US announces export controls reform
By Daniel Wasserbly and JDW Staff Reporter Guy Anderson
9/1/2010
US President Barack Obama has unveiled his administration's plan to overhaul the country's Cold War-era system for controlling technology exports with more centralised and streamlined processes.
"For too long, we have had two very different control lists, with agencies fighting over who has jurisdiction. Decisions were delayed - sometimes for years - and industries lost their edge or moved abroad," Obama said in a 31 August speech to an annual Department of Commerce export controls conference.
"Going forward, we will have a single, tiered, positive list - one which will allow us to build higher walls around the export of our most sensitive items while allowing the export of less critical ones under less restrictive conditions," he said.

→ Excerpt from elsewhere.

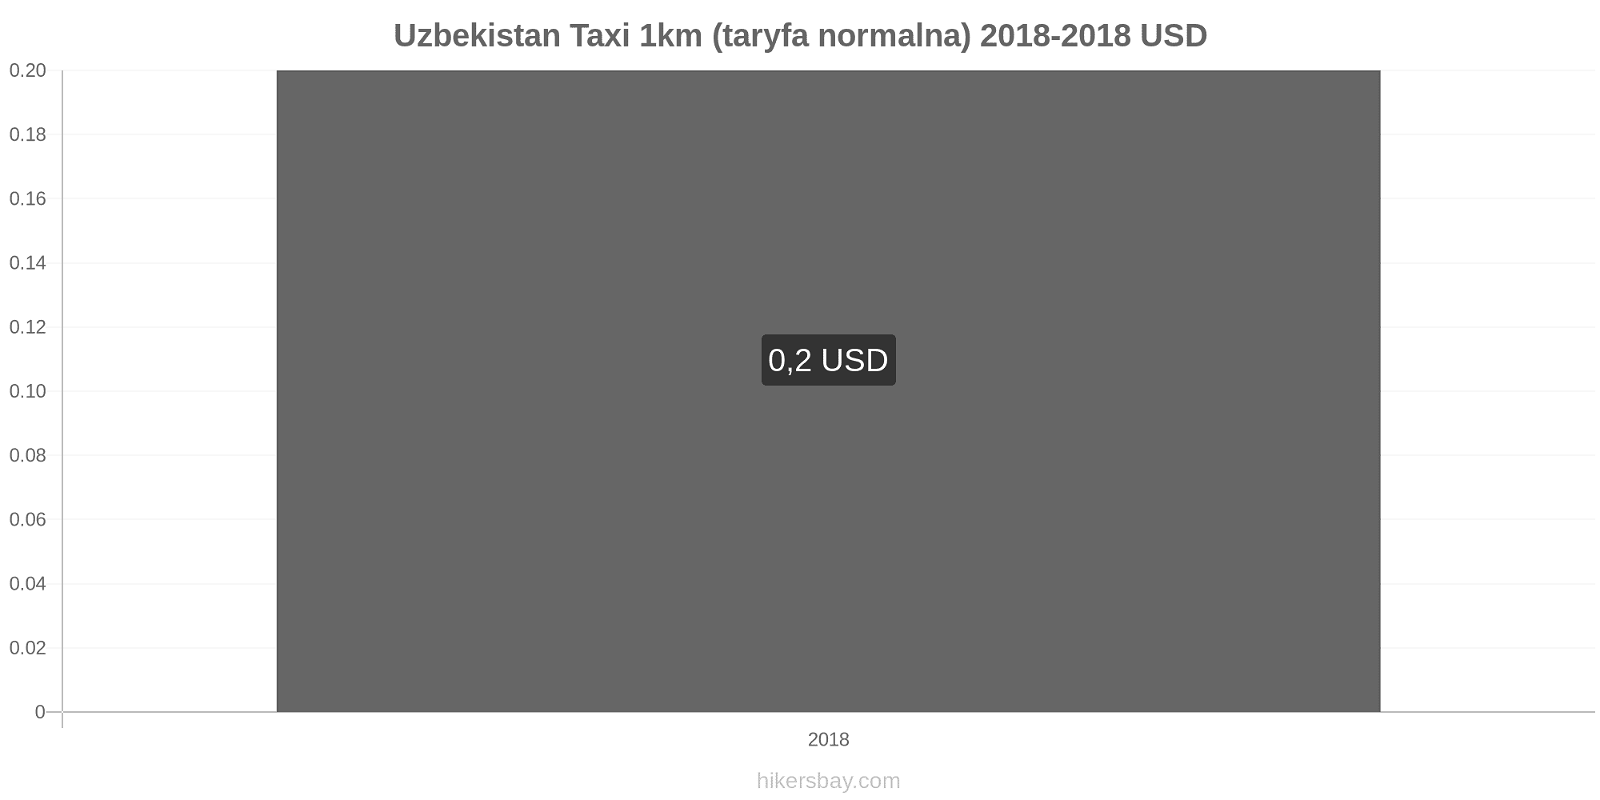 Uzbekistan zmiany cen Taxi 1km (taryfa normalna) hikersbay.com

This plan is largely in line with a proposal announced in April by US Secretary of Defense Robert Gates, who has said the legacy system is detrimental to national security.
Obama said he plans to sign an executive order that creates an "Export Enforcement Coordination Center to co-ordinate and strengthen our enforcement efforts" by eliminating gaps and duplication of efforts across multiple departments and agencies.
Under the existing US export control regime, exporting military equipment requires oversight from the Department of State, which consults with the Department of Defense. Exporting technology that had military and commercial applications requires oversight from the Department of Commerce, which also consults with the departments of state and defence.
Senior Pentagon officials have voiced concern that this system is dangerous in that it places walls around too many technologies, with some walls not high enough and others hindering exports to partner nations.
With the Obama administration's new plan, agencies will create export control lists of munitions and dual-use items that are tiered to "distinguish the types of items that should be subject to stricter or more permissive levels of control for different destinations, end uses and end users", the White House said in a statement.